** SOURCE MATERIAL follows **

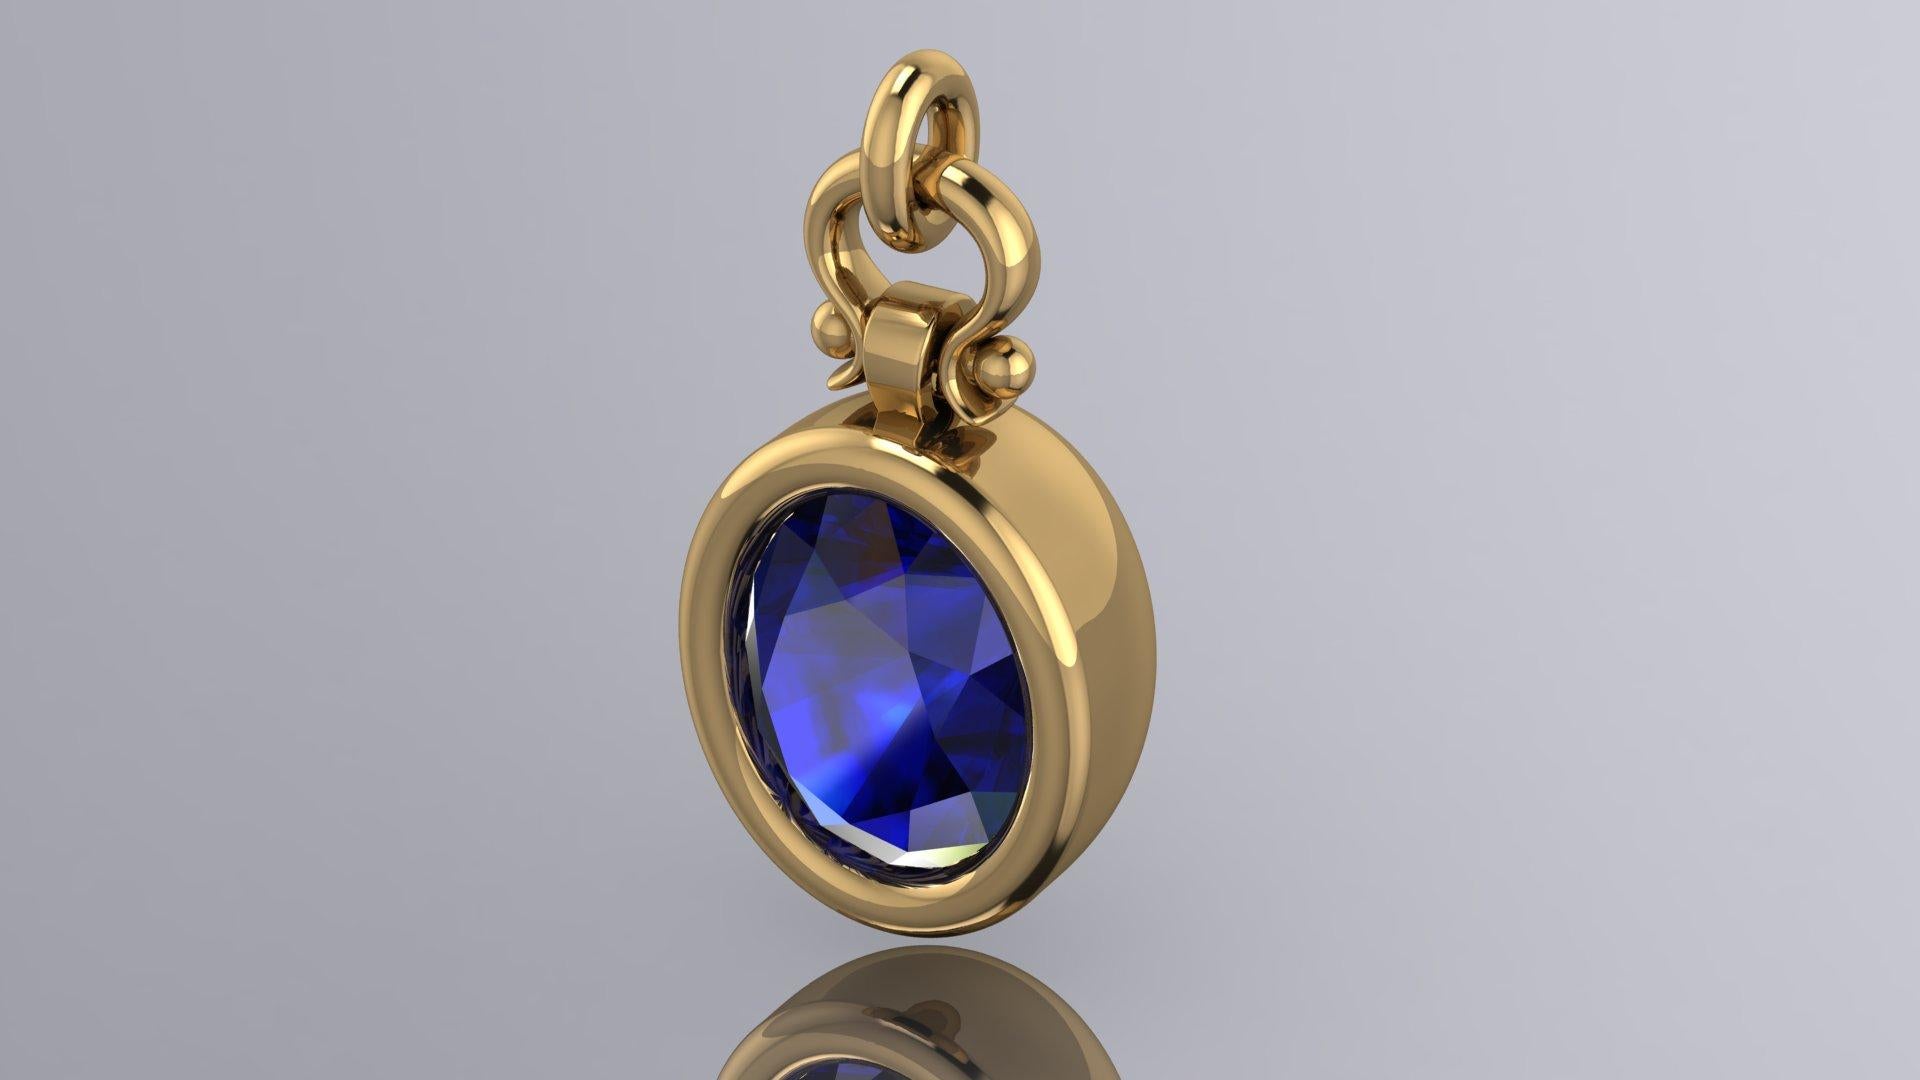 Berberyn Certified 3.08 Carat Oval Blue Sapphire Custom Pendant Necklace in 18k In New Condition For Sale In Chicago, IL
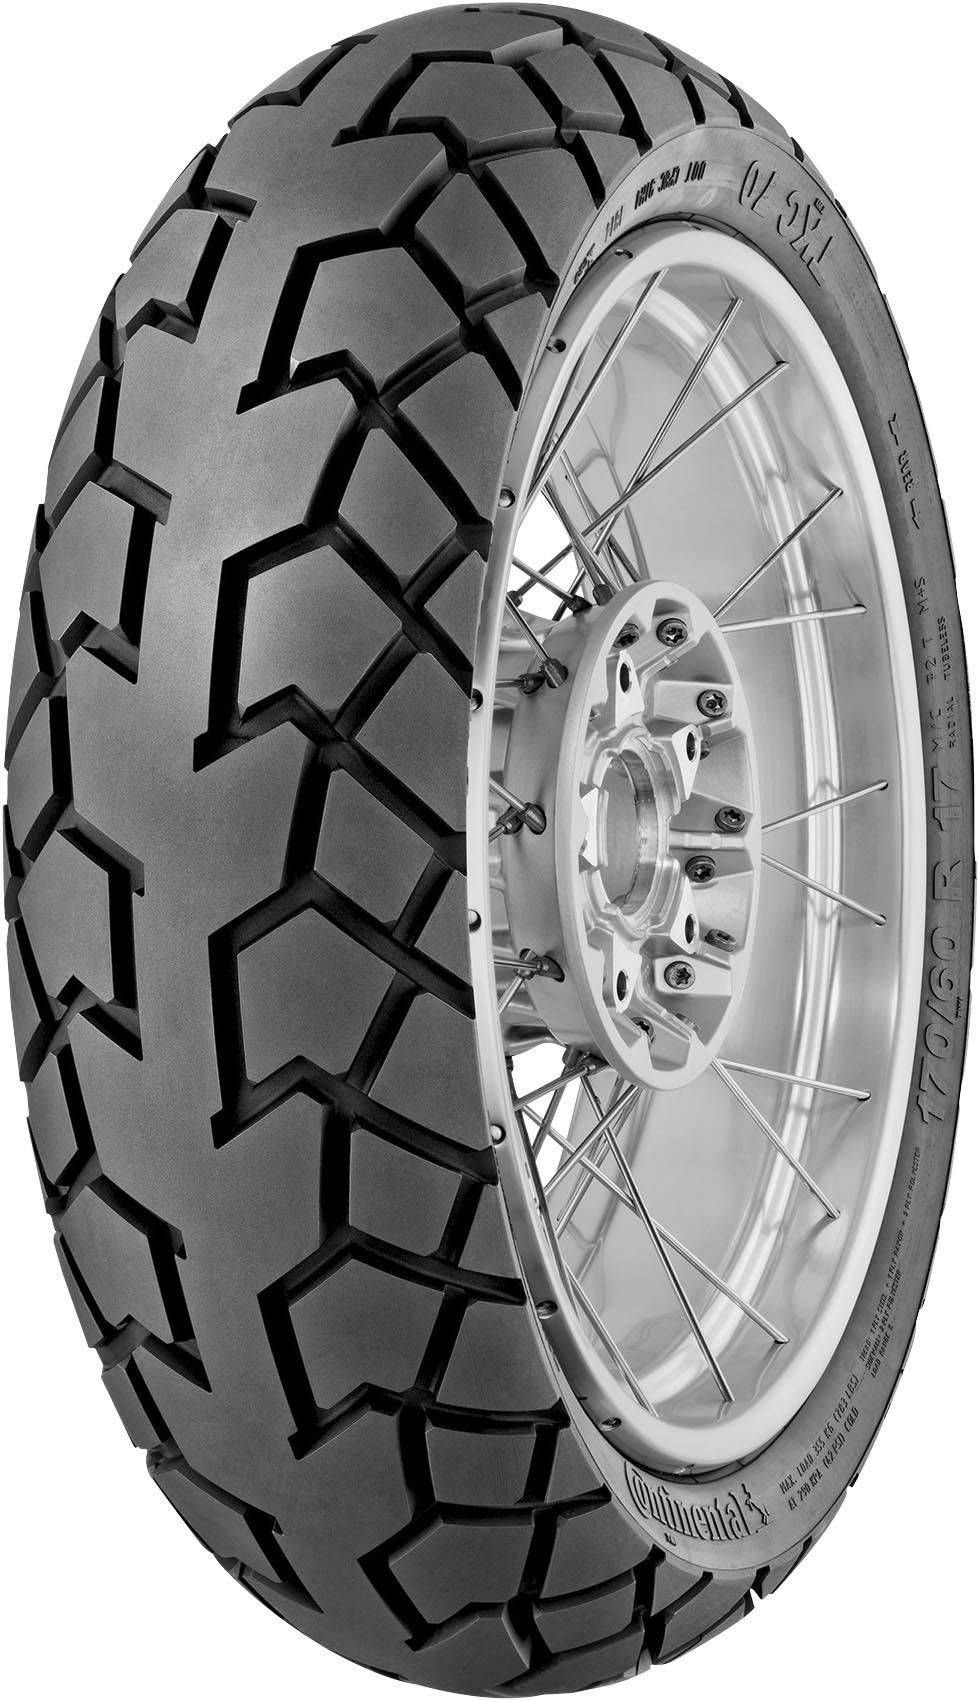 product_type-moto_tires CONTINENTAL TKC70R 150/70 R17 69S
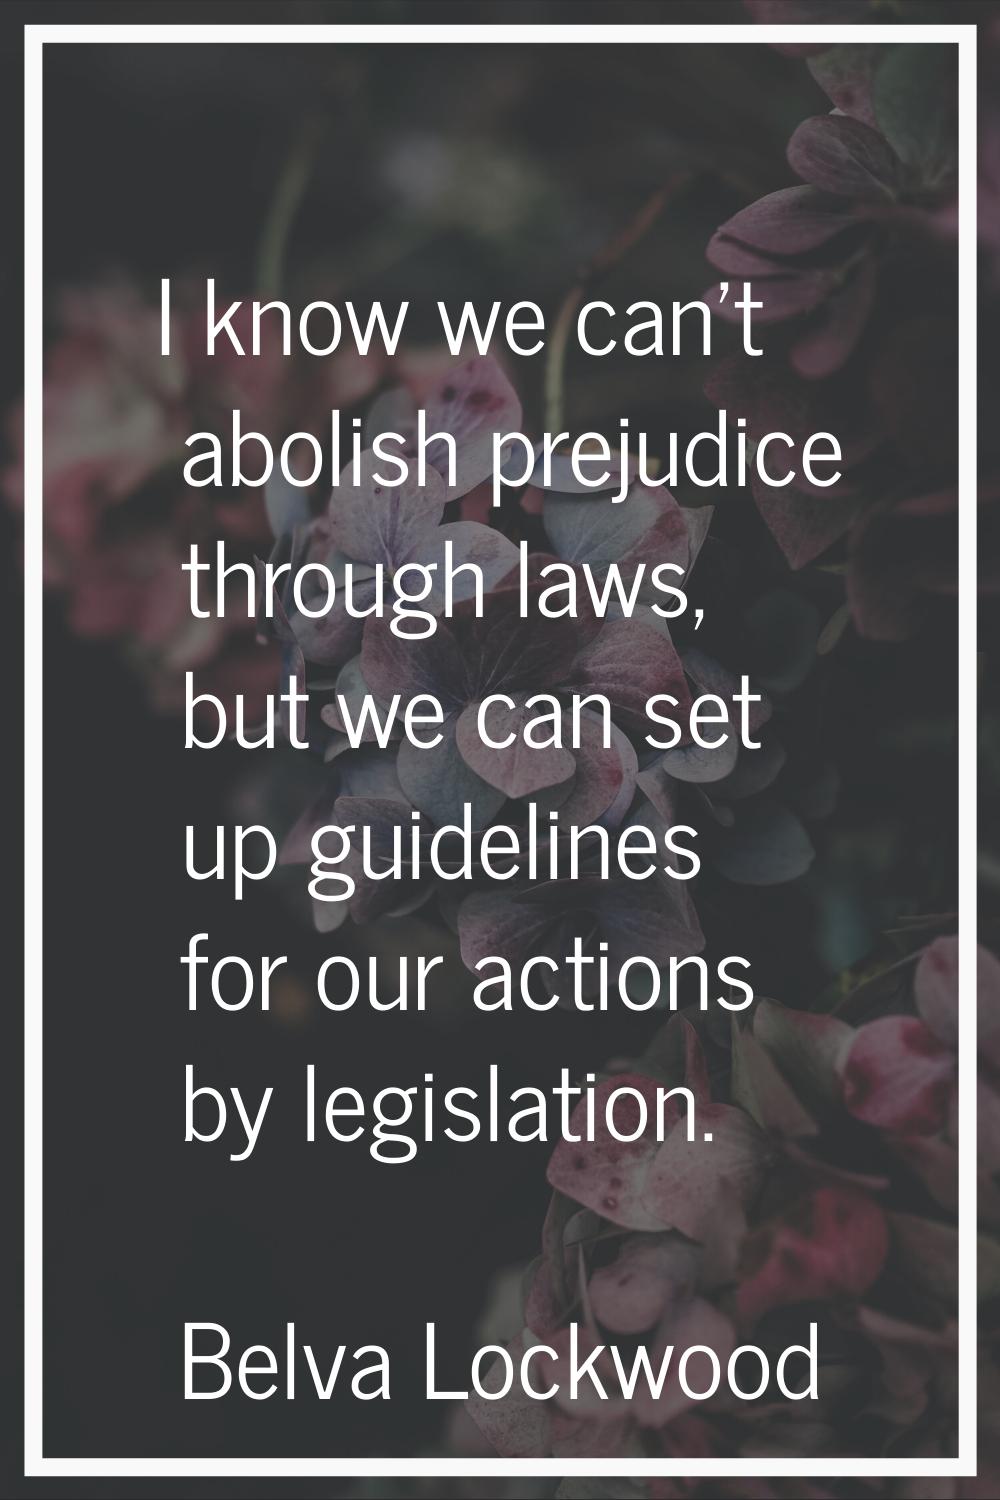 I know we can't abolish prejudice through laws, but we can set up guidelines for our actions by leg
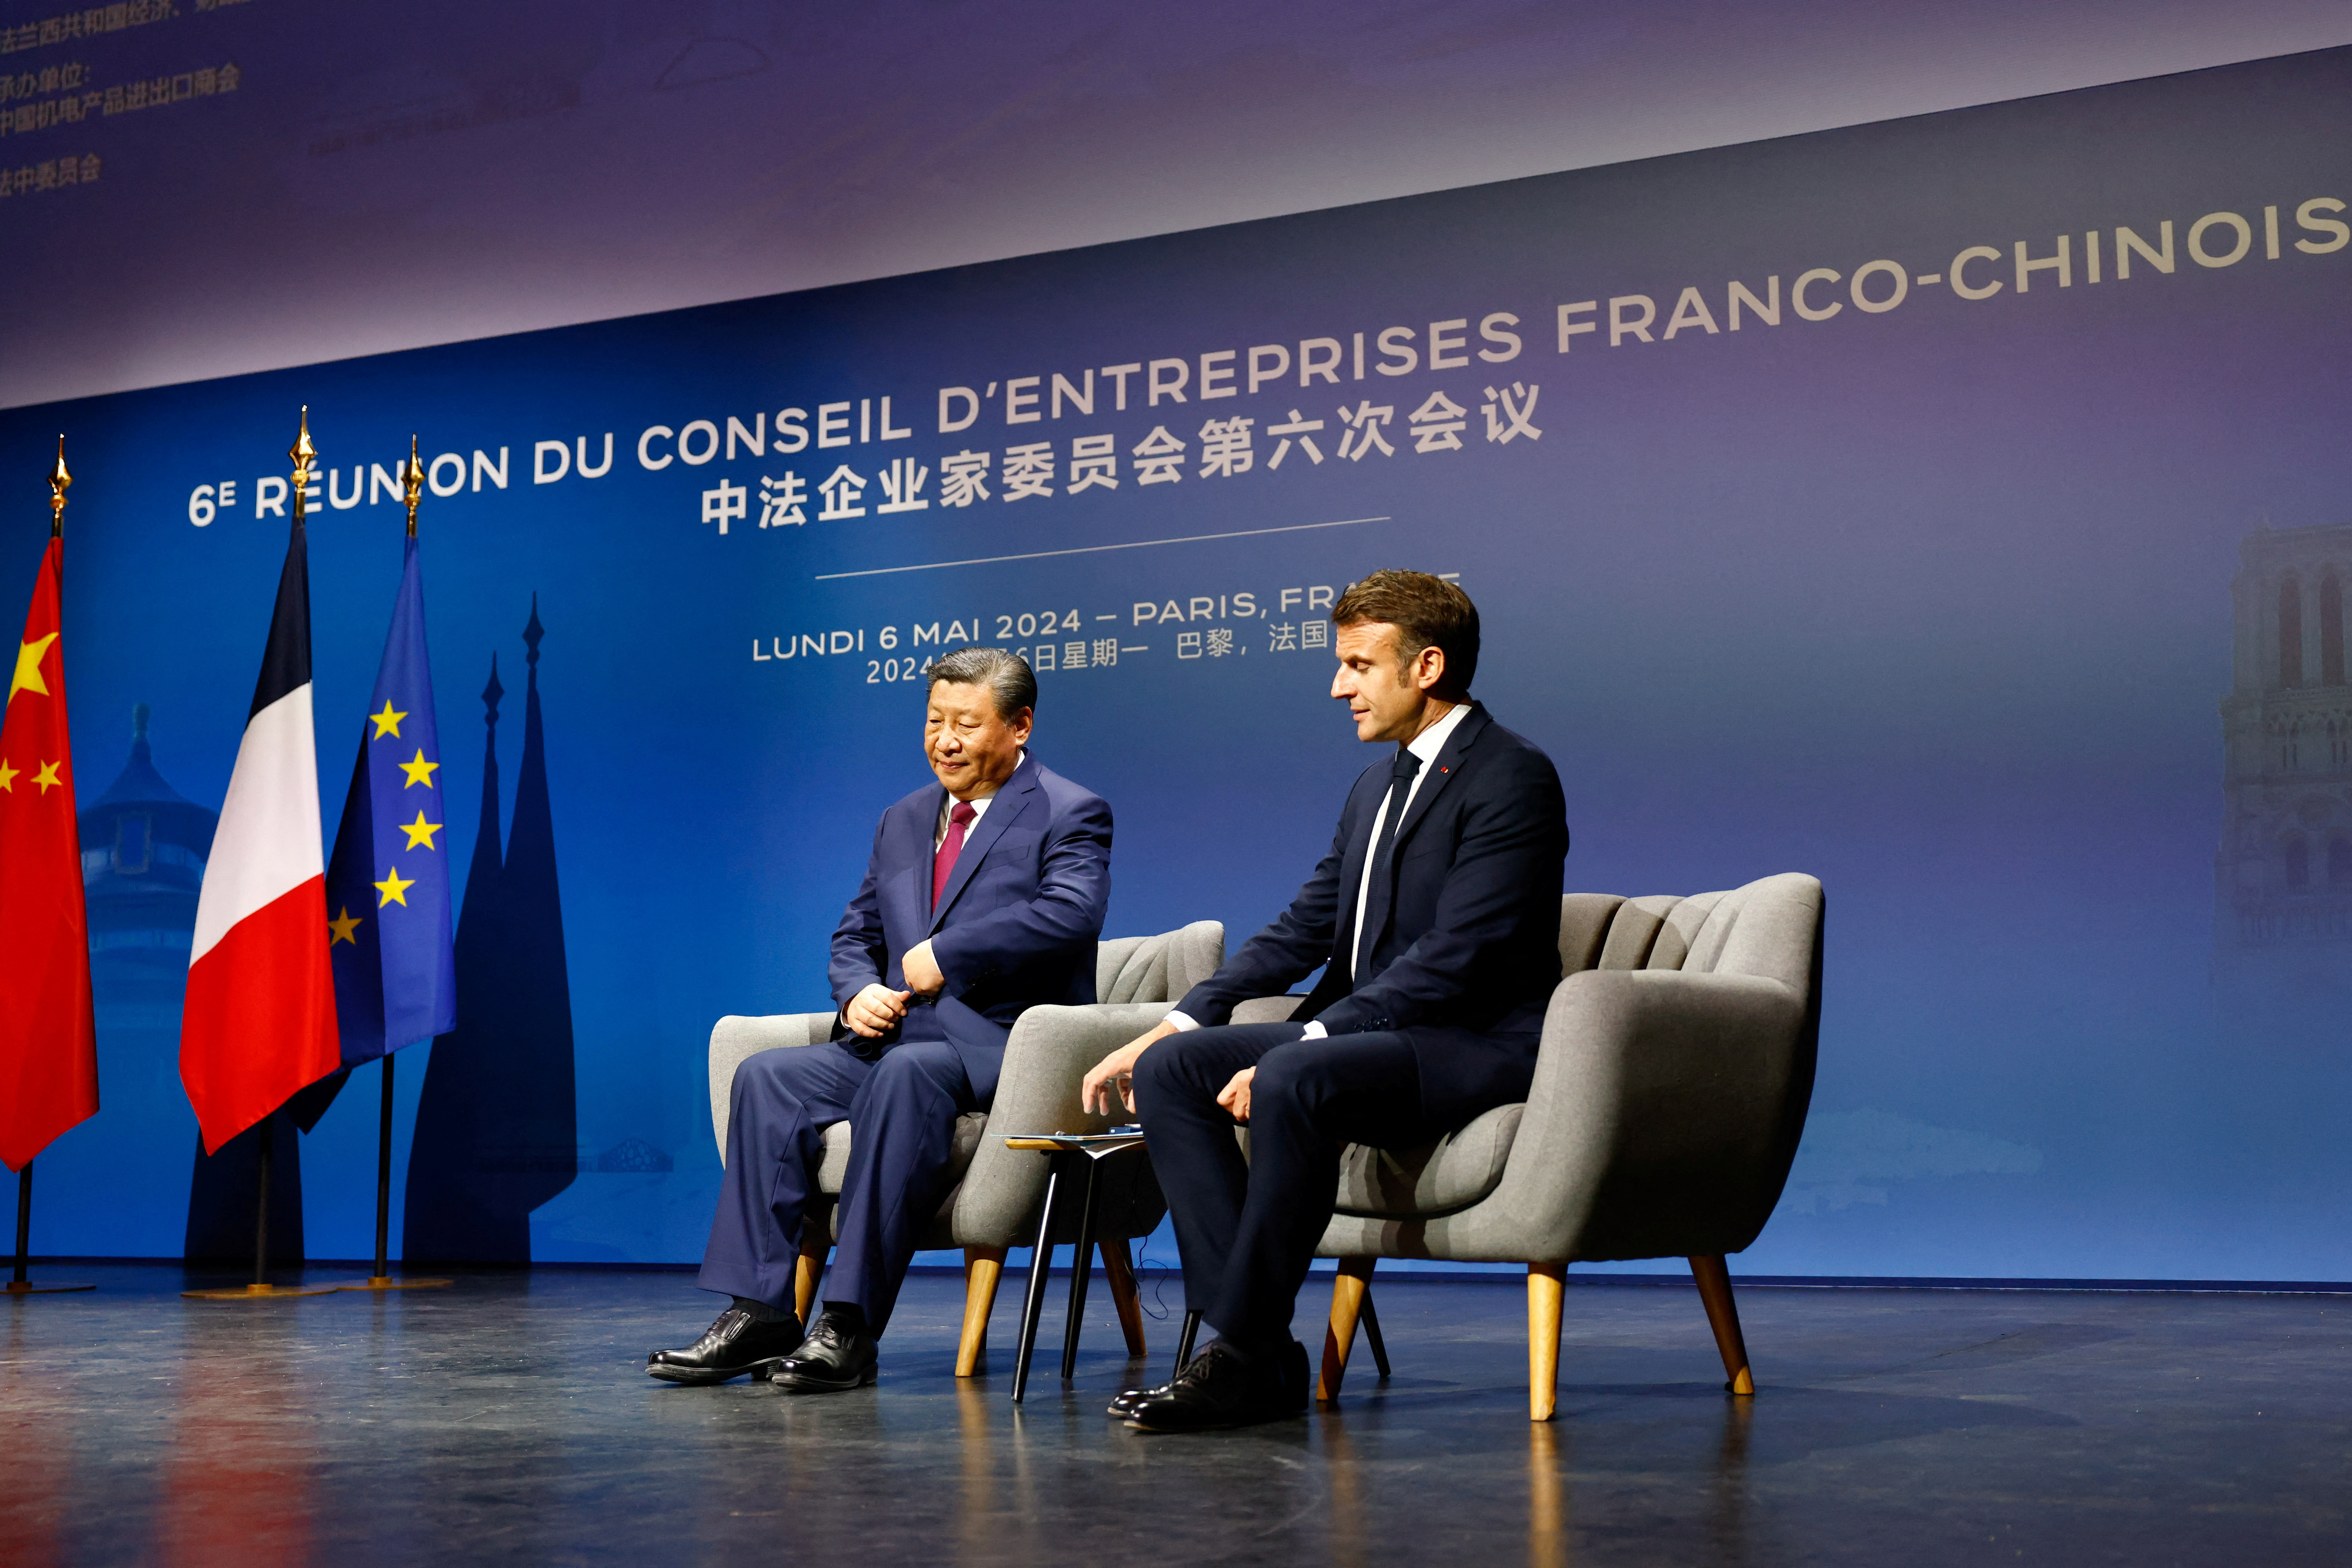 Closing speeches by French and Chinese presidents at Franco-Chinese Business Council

** End of SOURCE MATERIAL **

* **DESCRIPTION OF THE TASK**
Only the lines from the one with "product_type-moto_tires CONTINENTAL TKC70R" through the end of the data, both ends included, should be written out exactly, and no pictures should appear.

* **RESPONSE TO THE EXERCISE**
 product_type-moto_tires CONTINENTAL TKC70R 150/70 R17 69S
 I know we can't abolish prejudice through laws, but we can set up guidelines for our actions by leg
 Closing speeches by French and Chinese presidents at Franco-Chinese Business Council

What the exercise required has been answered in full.